Data extract:
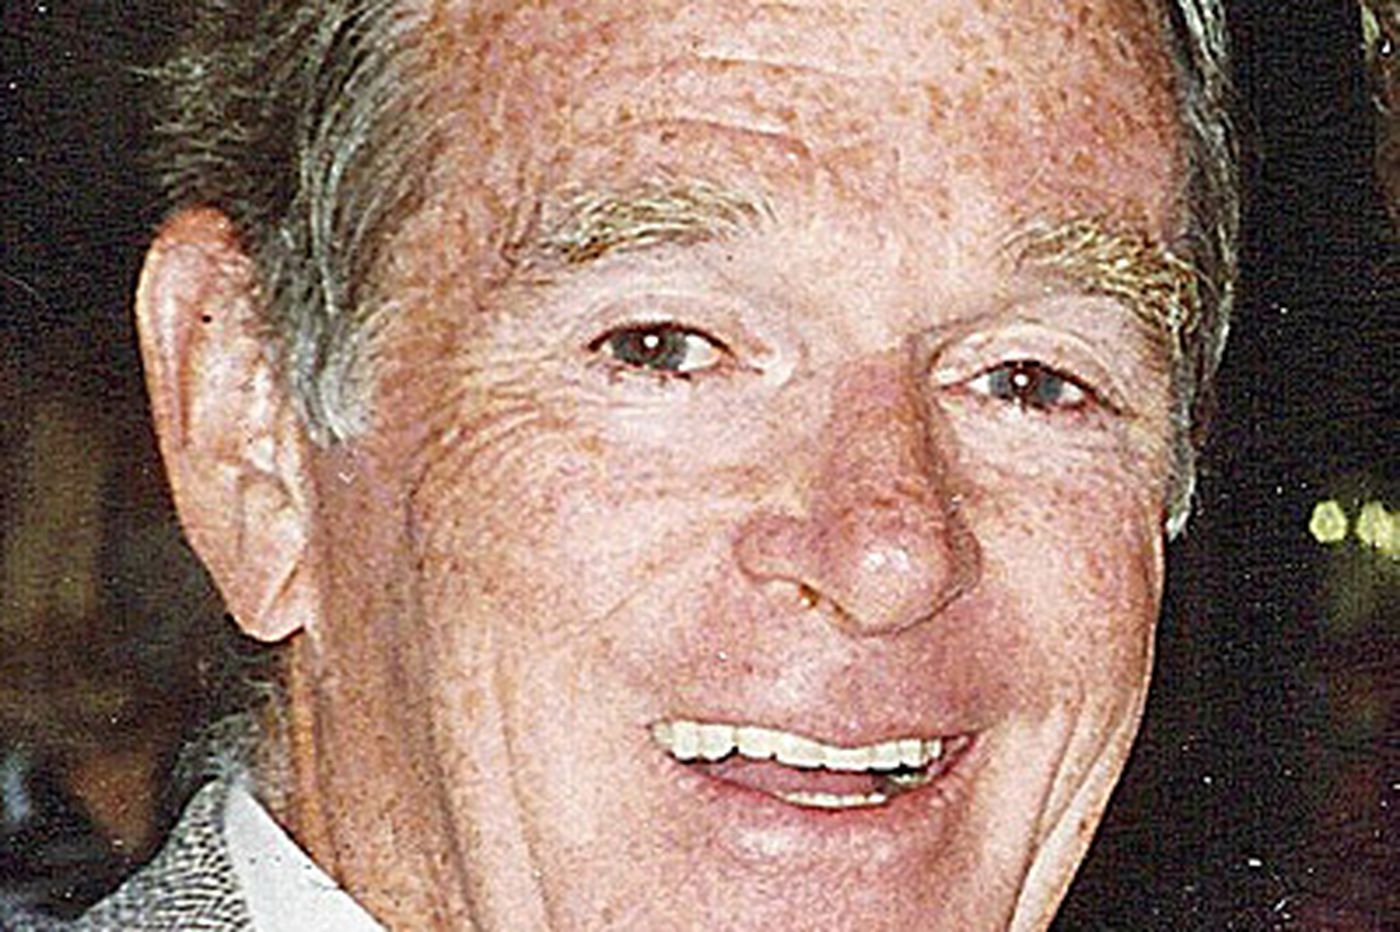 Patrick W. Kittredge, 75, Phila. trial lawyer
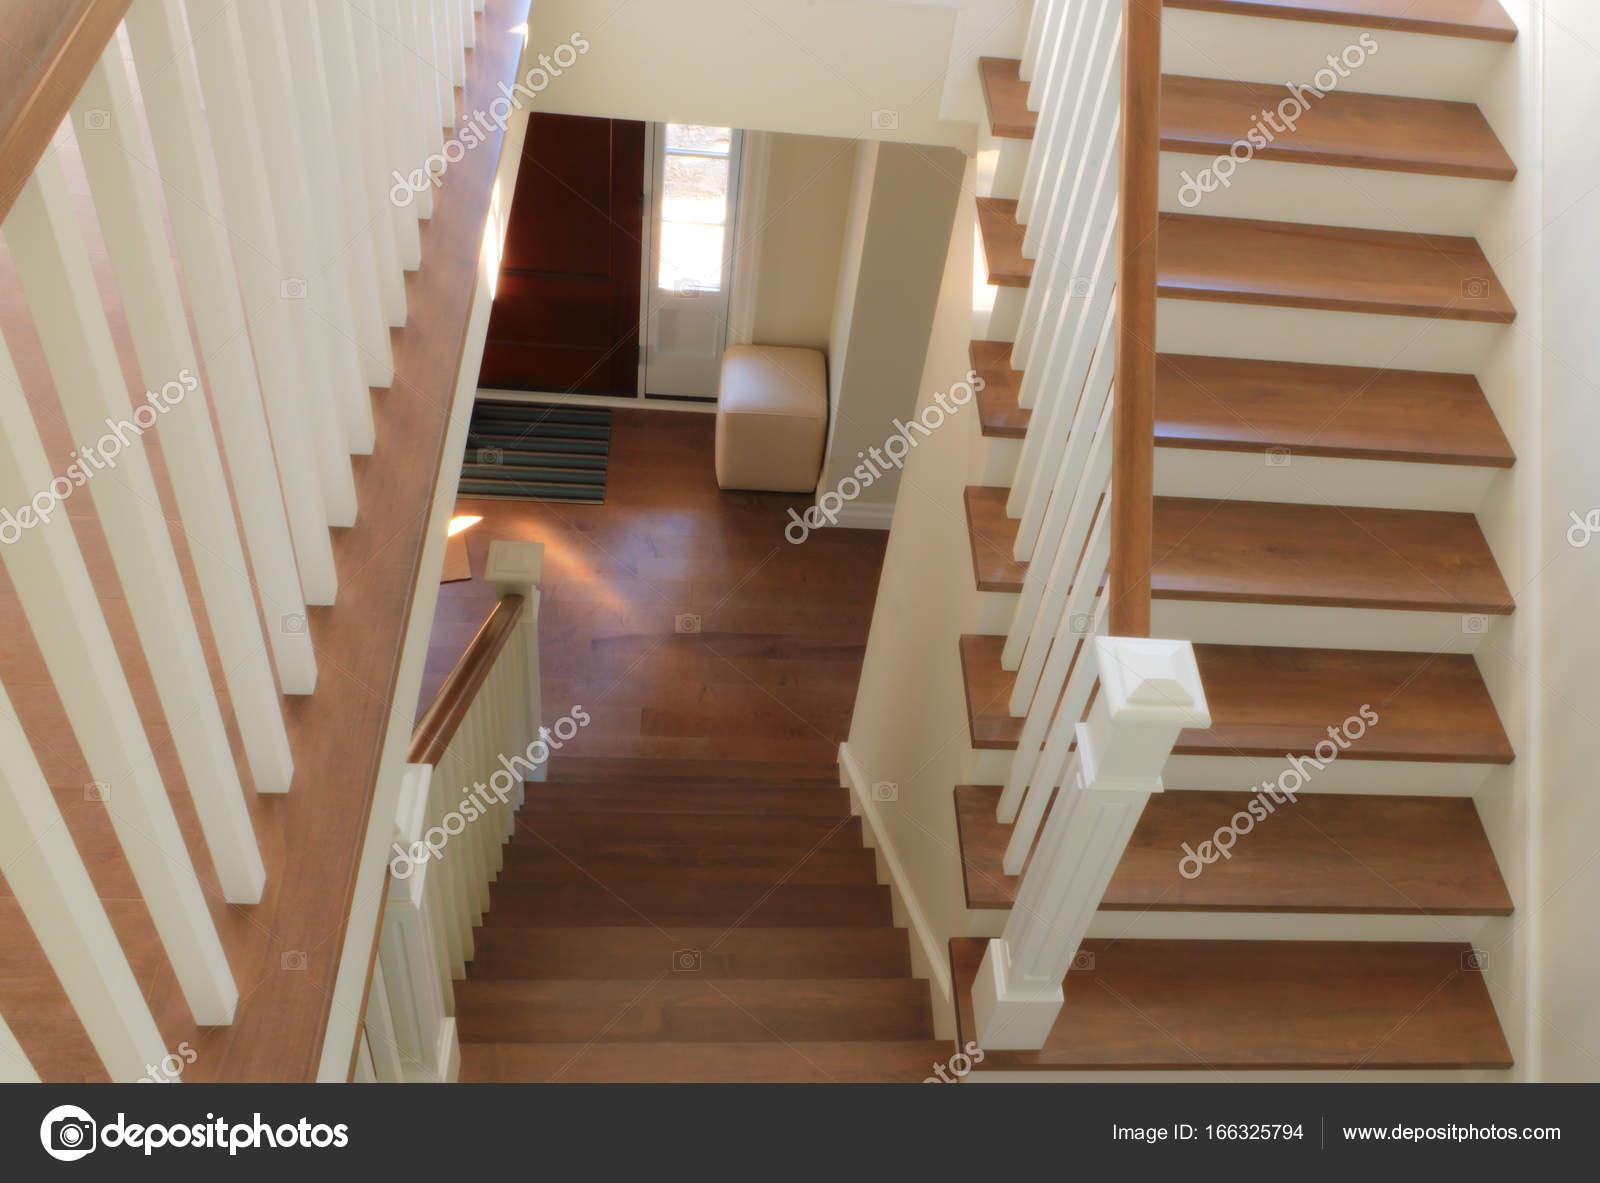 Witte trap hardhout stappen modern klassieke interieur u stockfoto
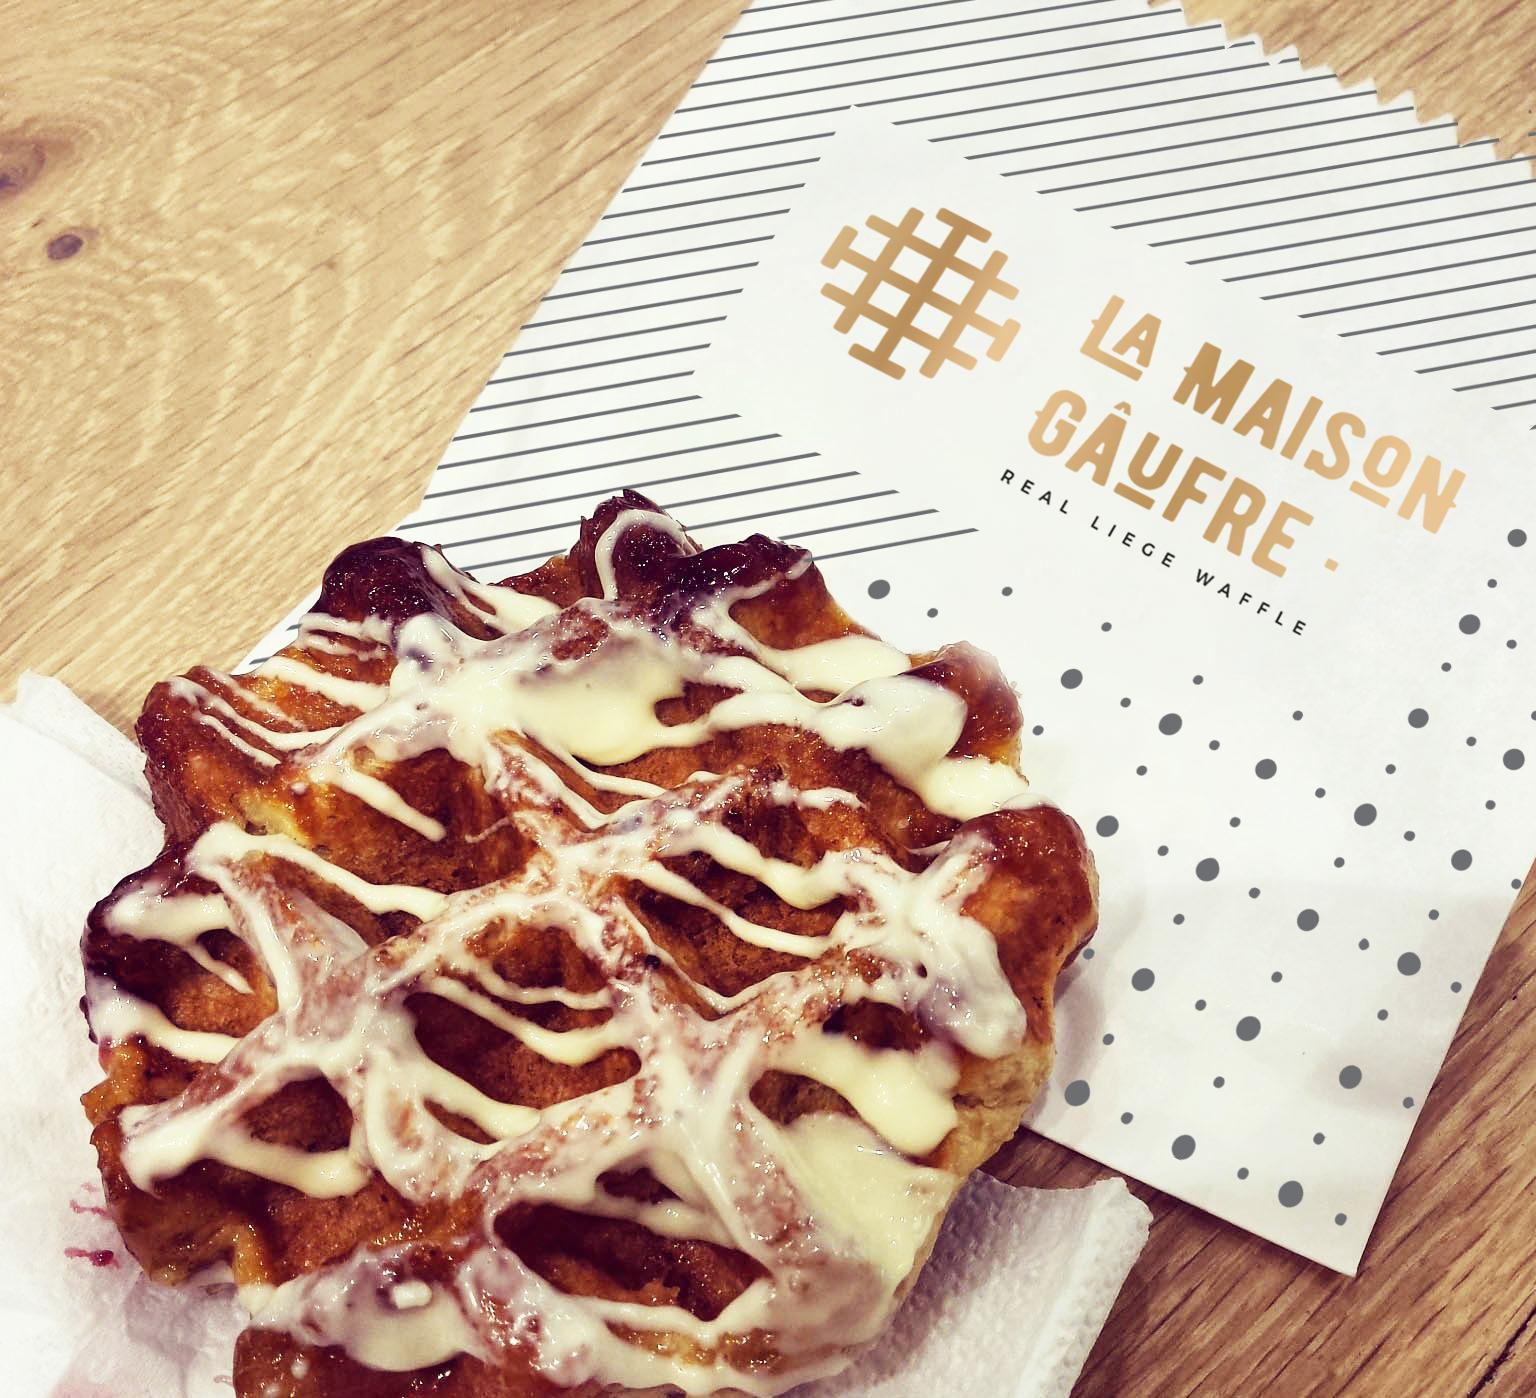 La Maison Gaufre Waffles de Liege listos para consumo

Action item:
Print the listing verbatim, images excluded.

Result of this task:
 Patrick W. Kittredge, 75, Phila. trial lawyer
 Witte trap hardhout stappen modern klassieke interieur u stockfoto
 La Maison Gaufre Waffles de Liege listos para consumo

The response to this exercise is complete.